The Gbrowse.conf is also configured for these same default search options.  Thanks for the help Lincoln. 

Cheers,
-Hans



On Tue, Apr 30, 2013 at 1:33 PM, Lincoln Stein <[hidden email]> wrote:
In fact there is a hard-coded limit of 100 on the number of feature names that can be returned by autocomplete, so I suspect that there is a bug in the way that prefix-matching is implemented in the database adapter you are happening to be using. This would also explain why your server is crashing -- it is probably filling up memory. 

What adapter is attached to your assembly?

Lincoln


On Tue, Apr 30, 2013 at 3:47 PM, Hans Vasquez-Gross <[hidden email]> wrote:
Hi All,

     Is there a limit for the number of sequences autocomplete works with?  Two example data sources are provided below, which work fine with autocomplete.   
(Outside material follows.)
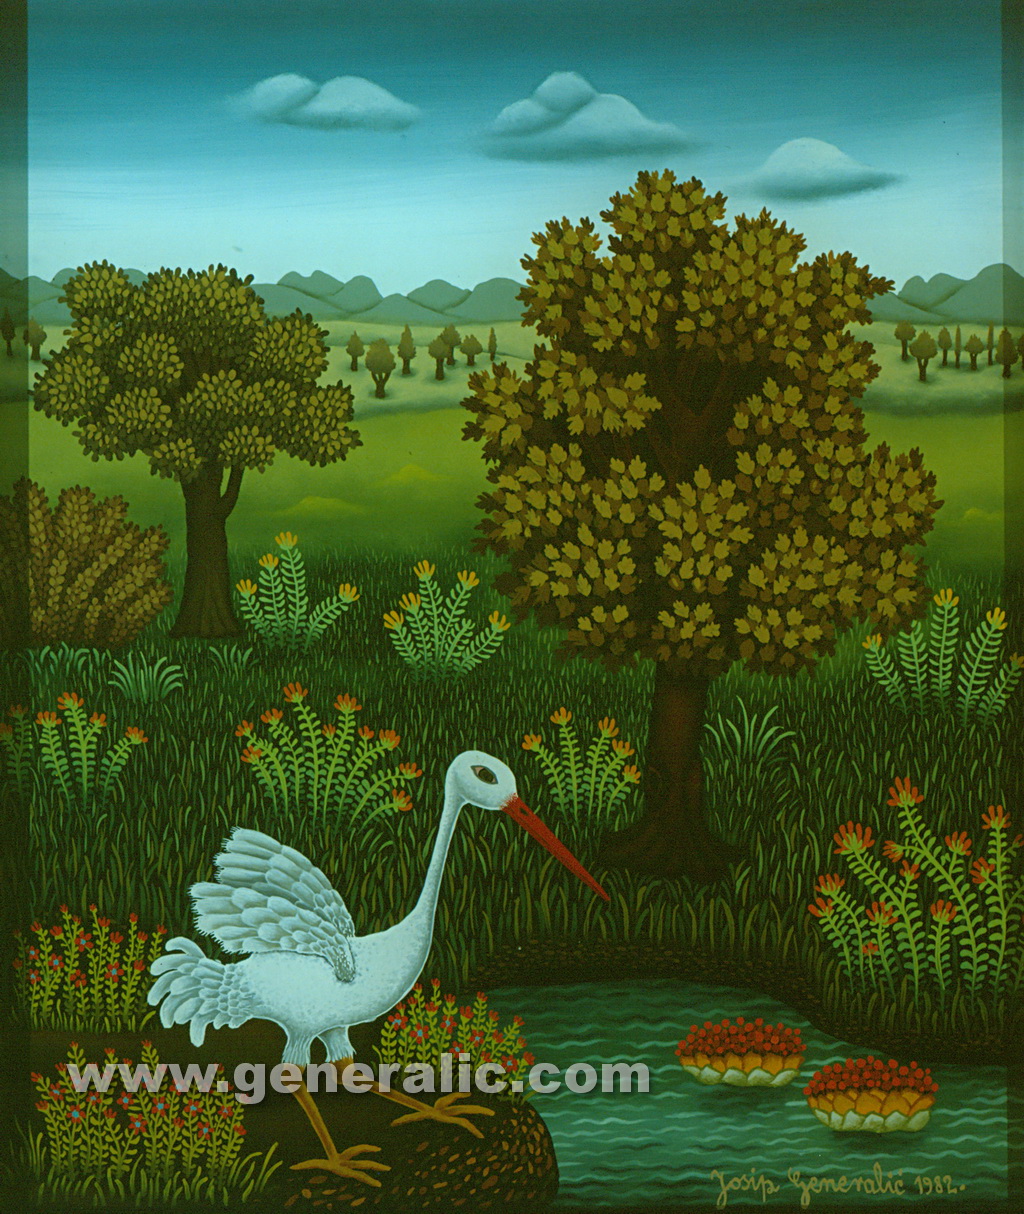 Josip Generalic, 1982, White stork, oil on glass, 36x30 cm
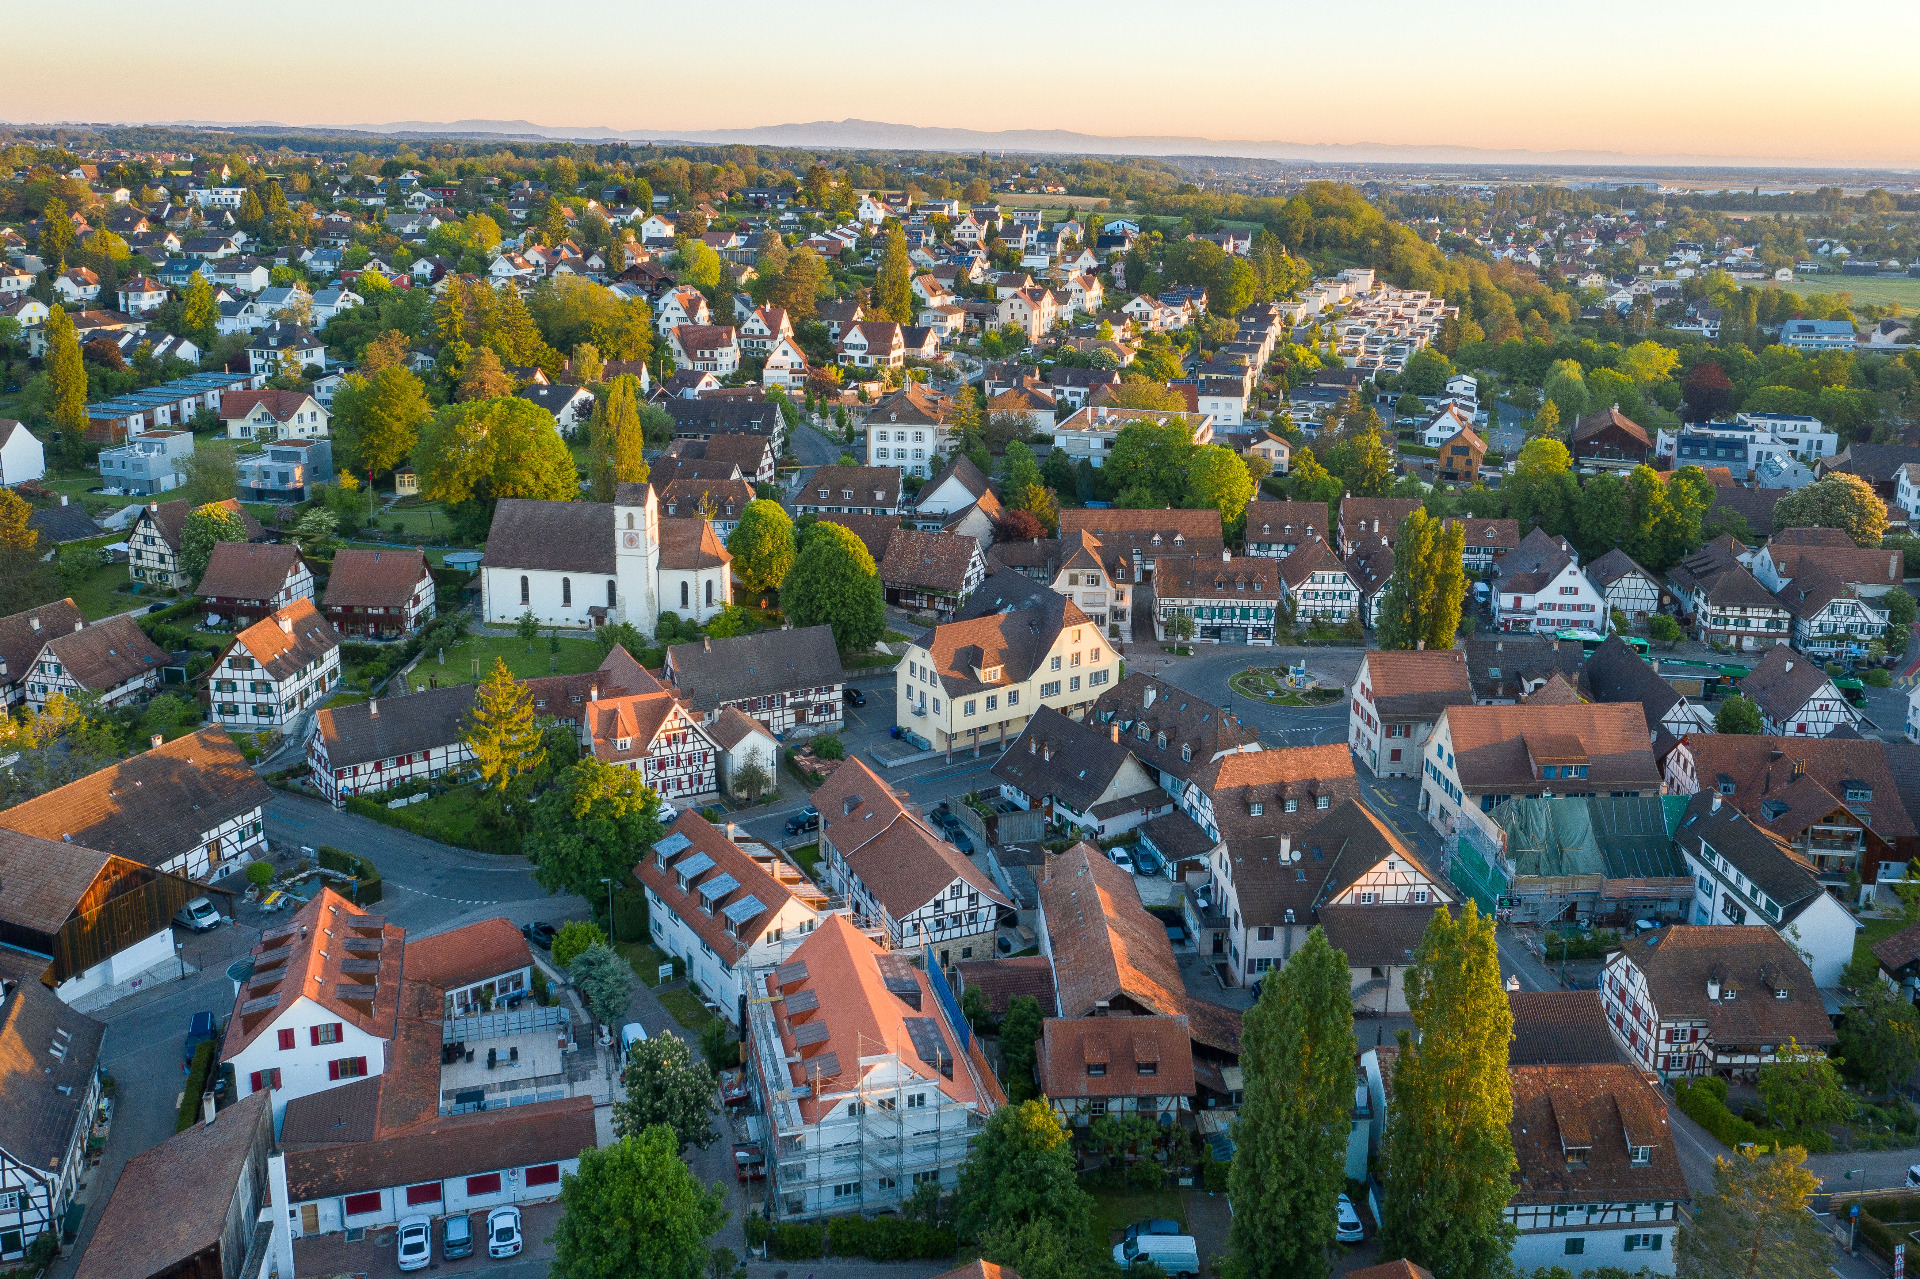 Luftaufnahme von der Gemeinde Allschwil mit dem alten Dorfkern im Vordergrund.

    However, testing autocomplete on a new load of an early v0.8 assembly of a ~22Gbp genome with ~16.5 million individual sequences has not been successful.   If I try to type the first few characters of a scaffold (ie jcf), a list never drops down.  

I continued typing a sequence name reasoning that maybe there was a limit to how many results could be returned, but it never autocompleted.  In fact, I'm fairly certain when testing this assembly performance with autocomplete in GBrowse caused my webserver to become unresponsive and had to be restarted.  I'd like to have the autocomplete return a minimal number of scaffolds (20+-) so it'll stay responsive and not crash the server, but continue filtering that set as the user types more of the scaffold name.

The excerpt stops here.